* **Your objective**
Please output the listing below character for character and omit the images.

* **Raw data**
--

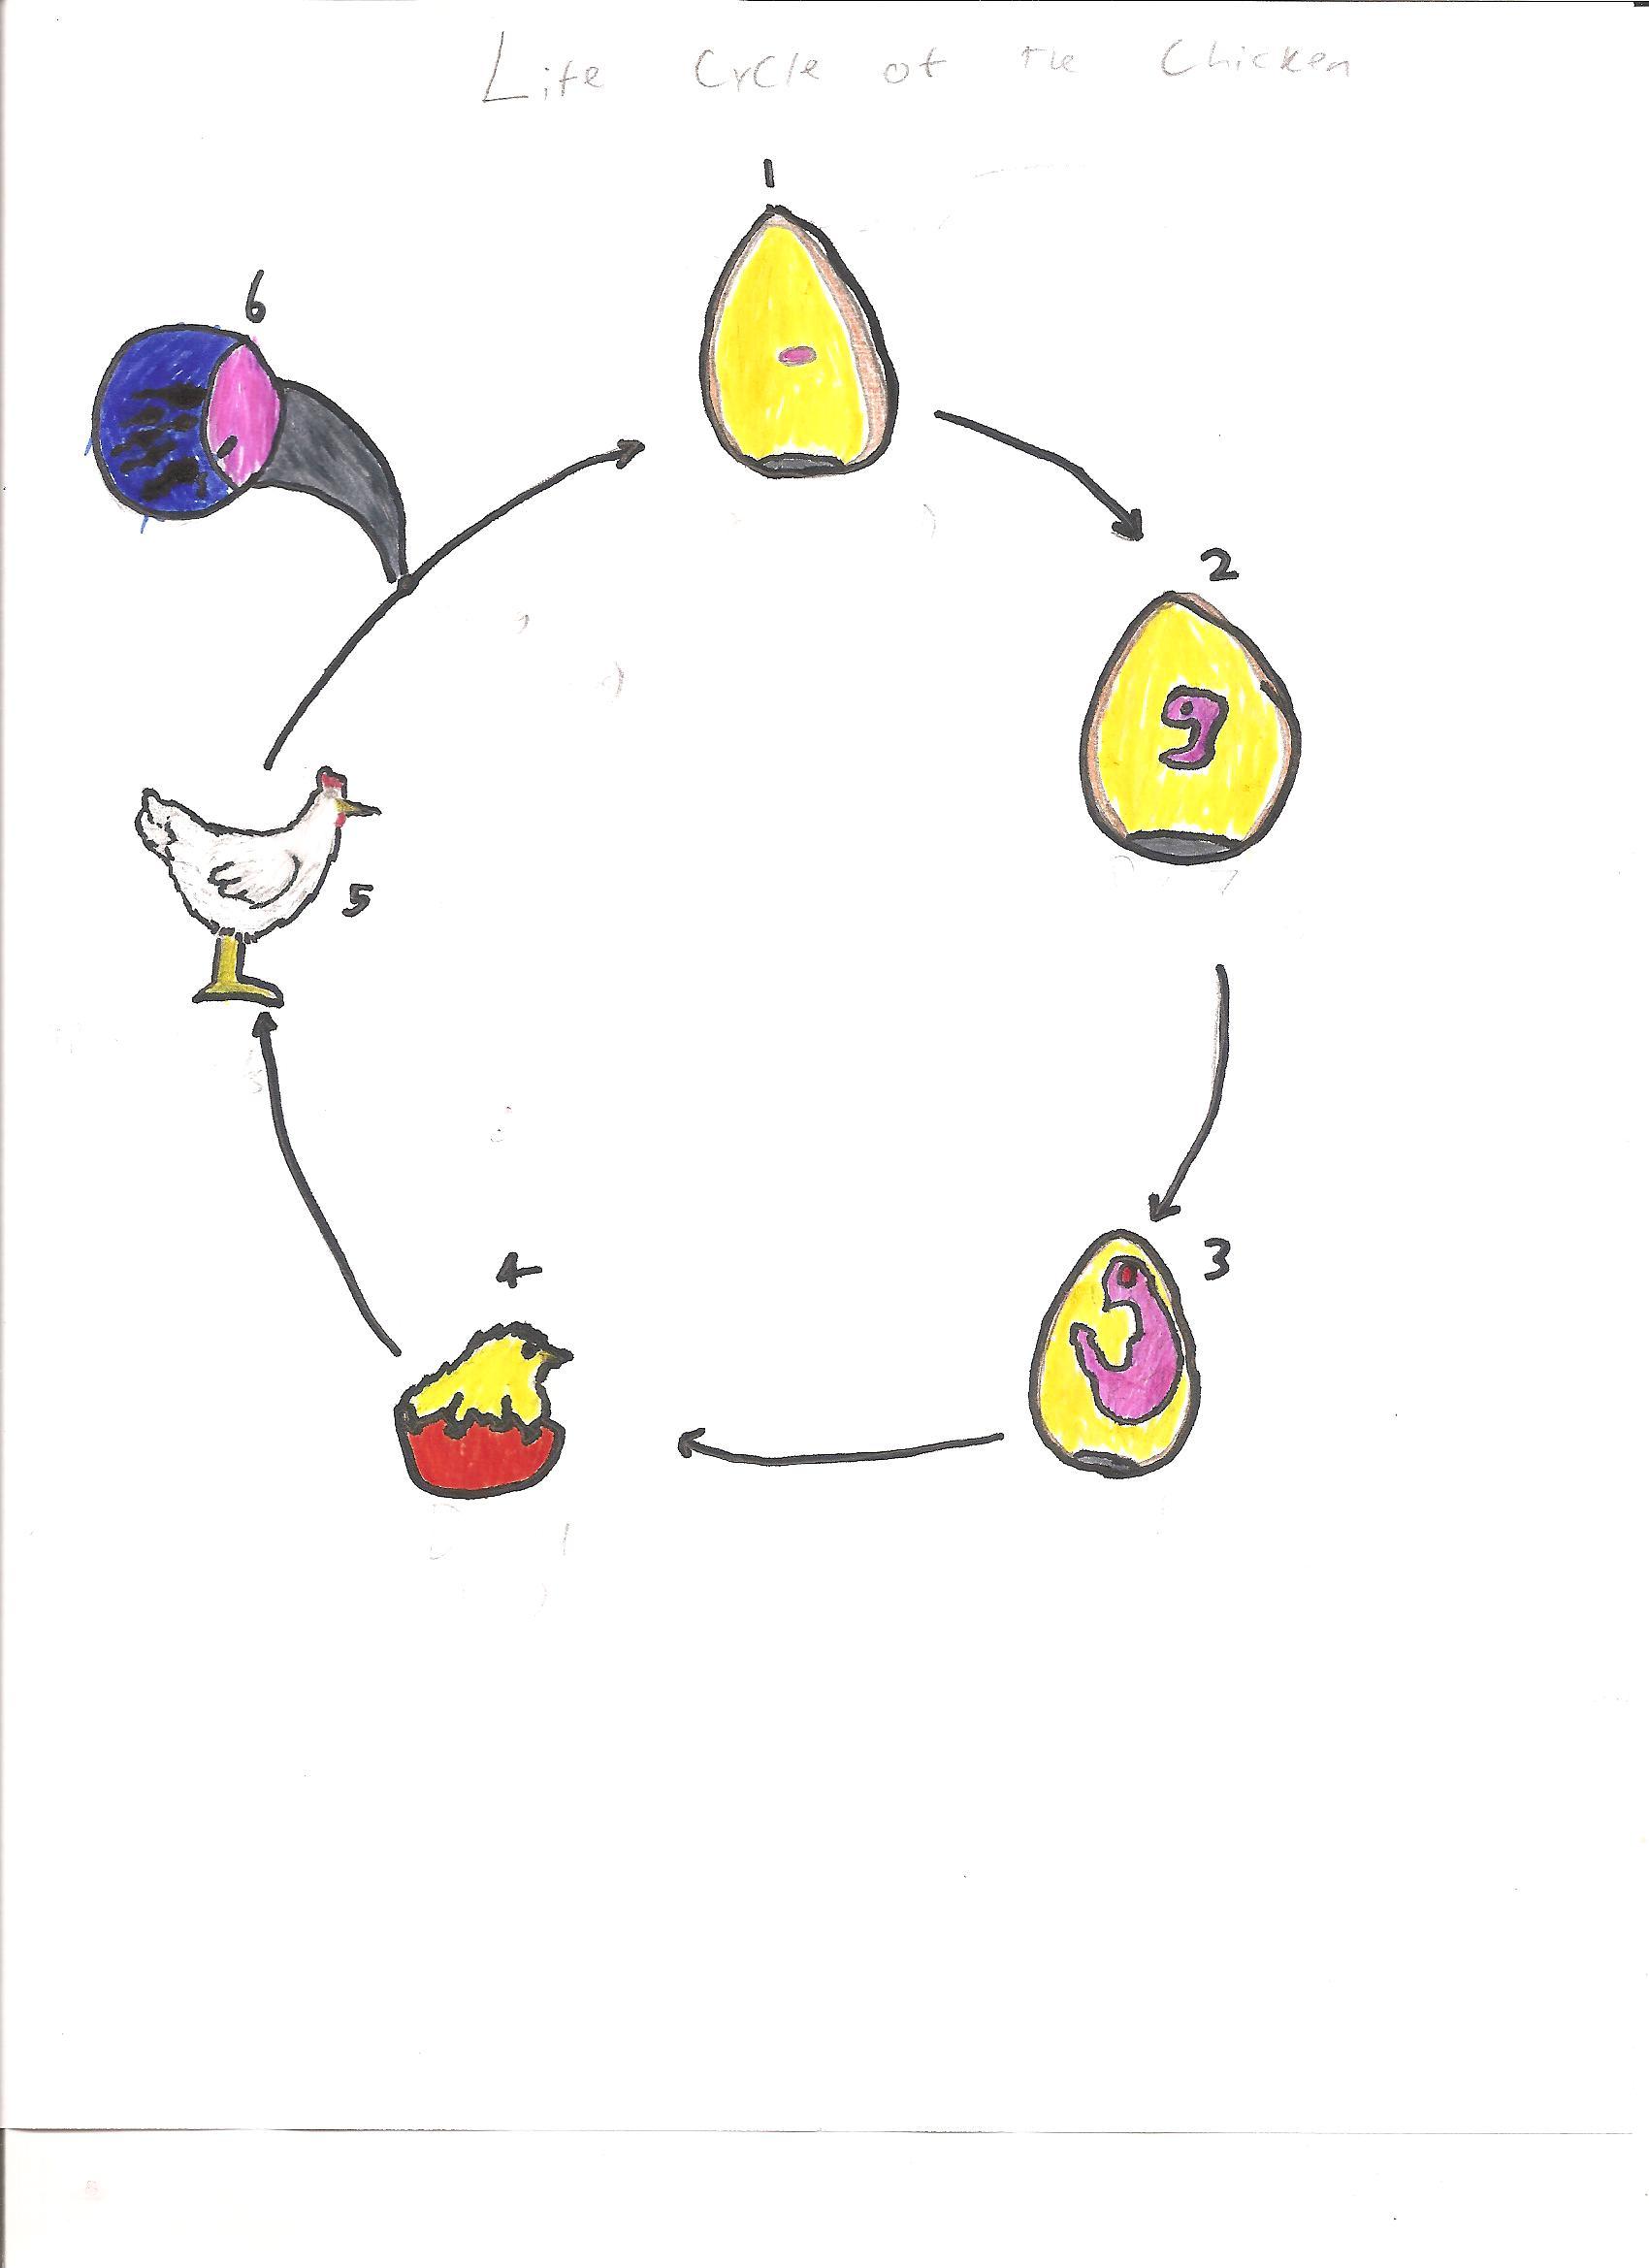 Life cycle of a chicken life cycle of a chicken photo11 robcynllc Choice Image
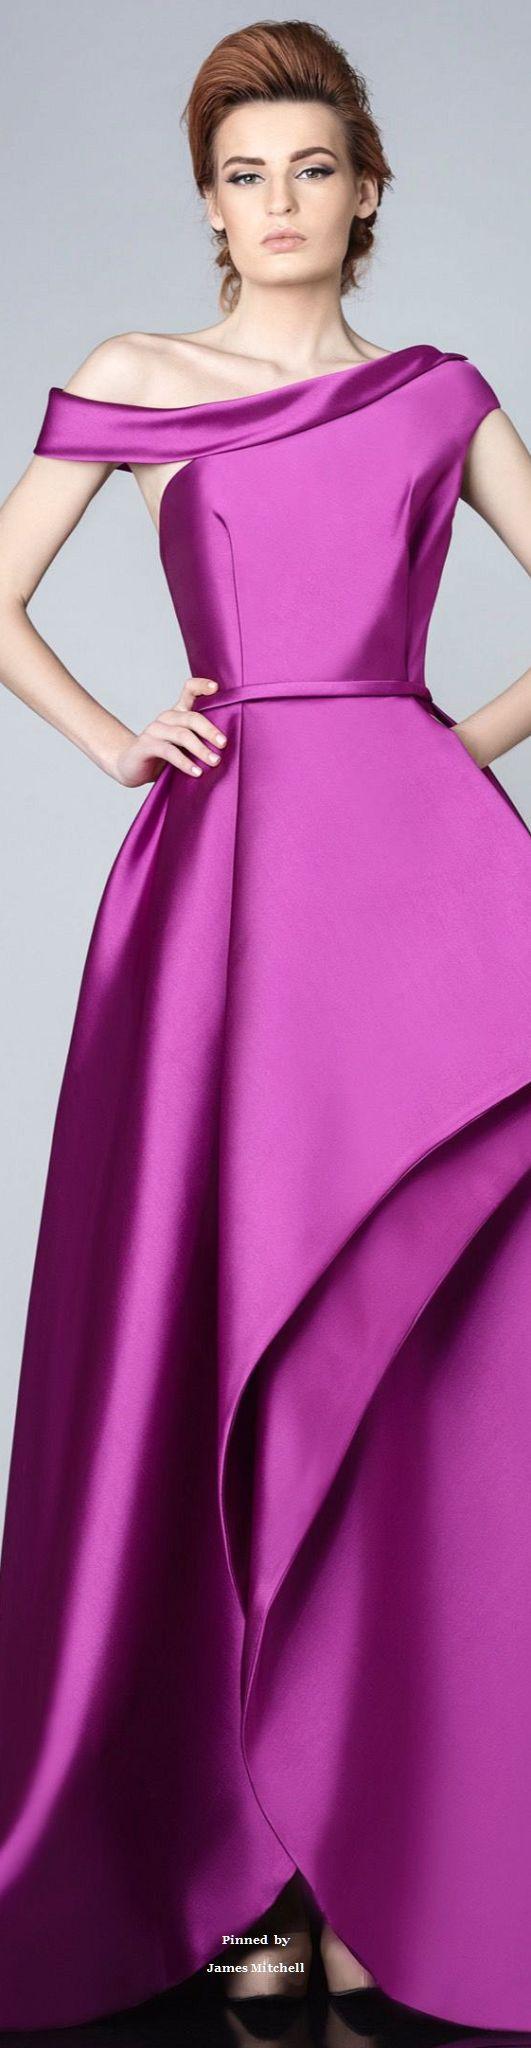 262 best Roupas images on Pinterest | Vestido elegante, Blusas y Costura
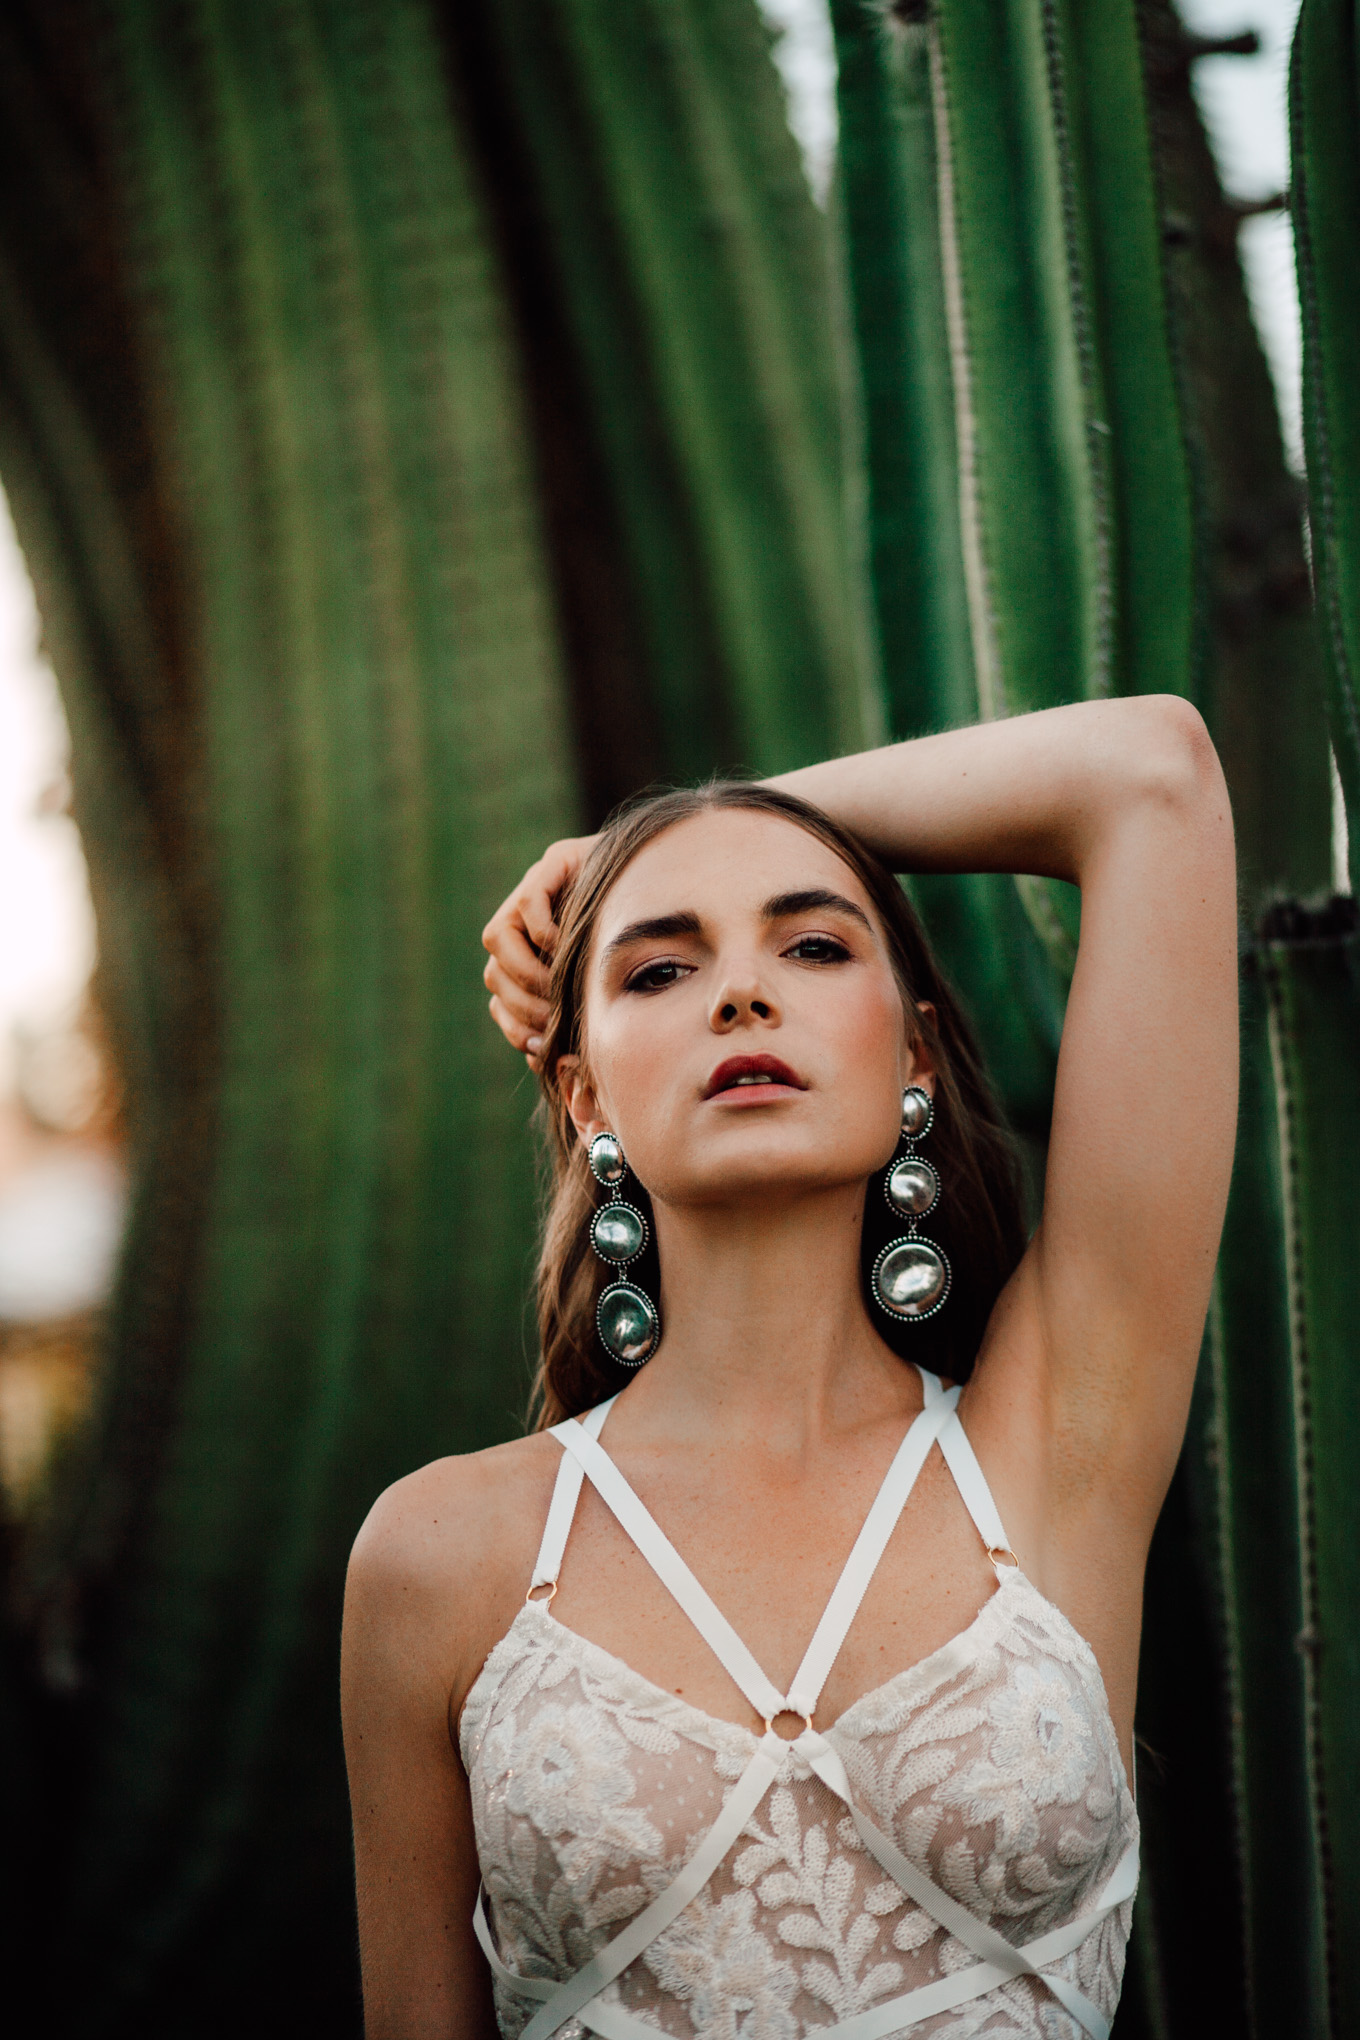 Cape-Town-Pia-Anna-Christian-Wedding-Photography-South-Africa-Bride-Cactus-13.jpg
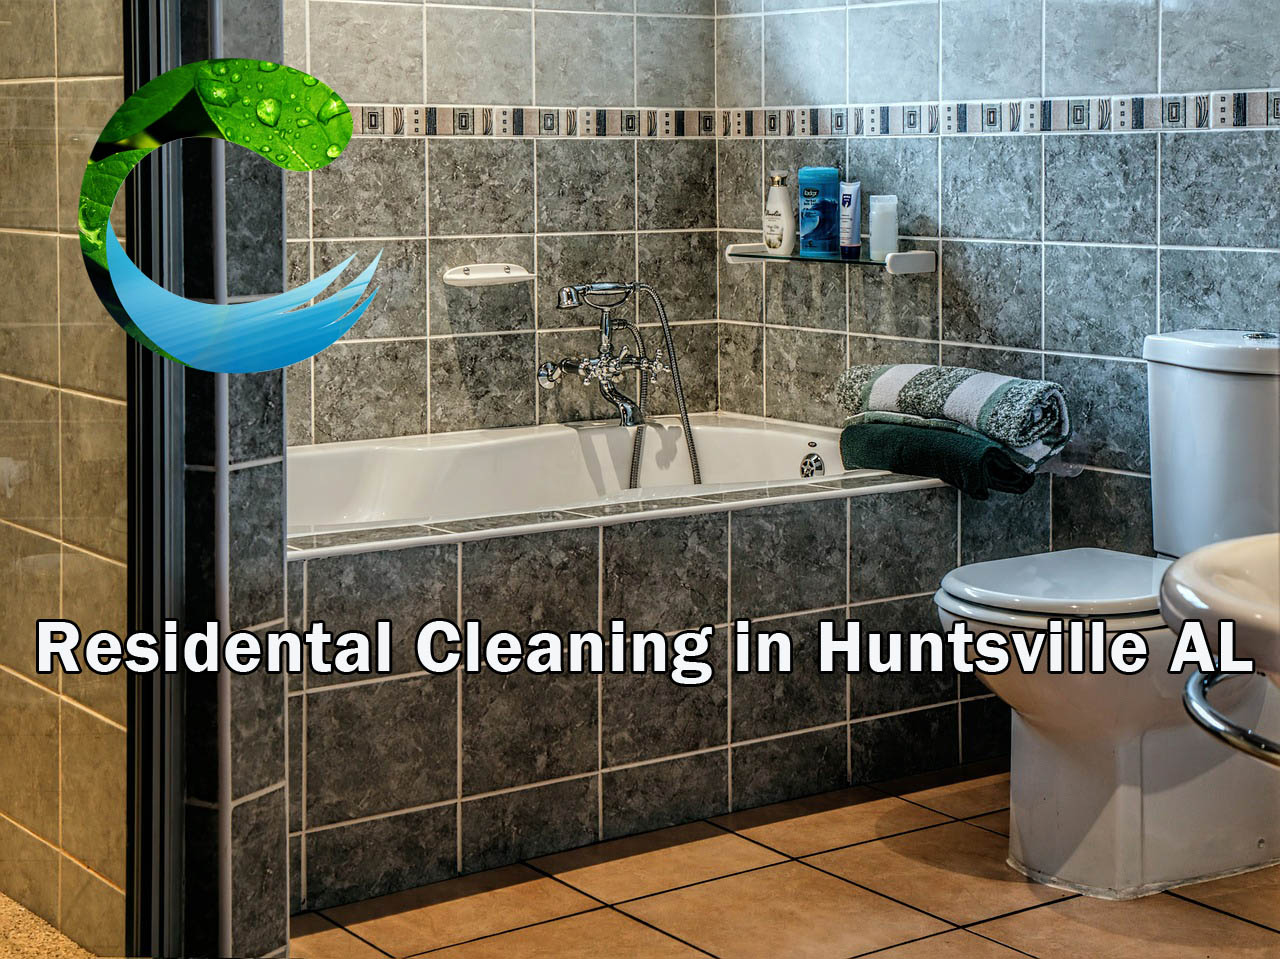 Residential Cleaning in Huntsville AL

--

* **Answer for this exercise**
 Life cycle of a chicken life cycle of a chicken photo11 robcynllc Choice Image
 262 best Roupas images on Pinterest | Vestido elegante, Blusas y Costura
 Cape-Town-Pia-Anna-Christian-Wedding-Photography-South-Africa-Bride-Cactus-13.jpg
 Residential Cleaning in Huntsville AL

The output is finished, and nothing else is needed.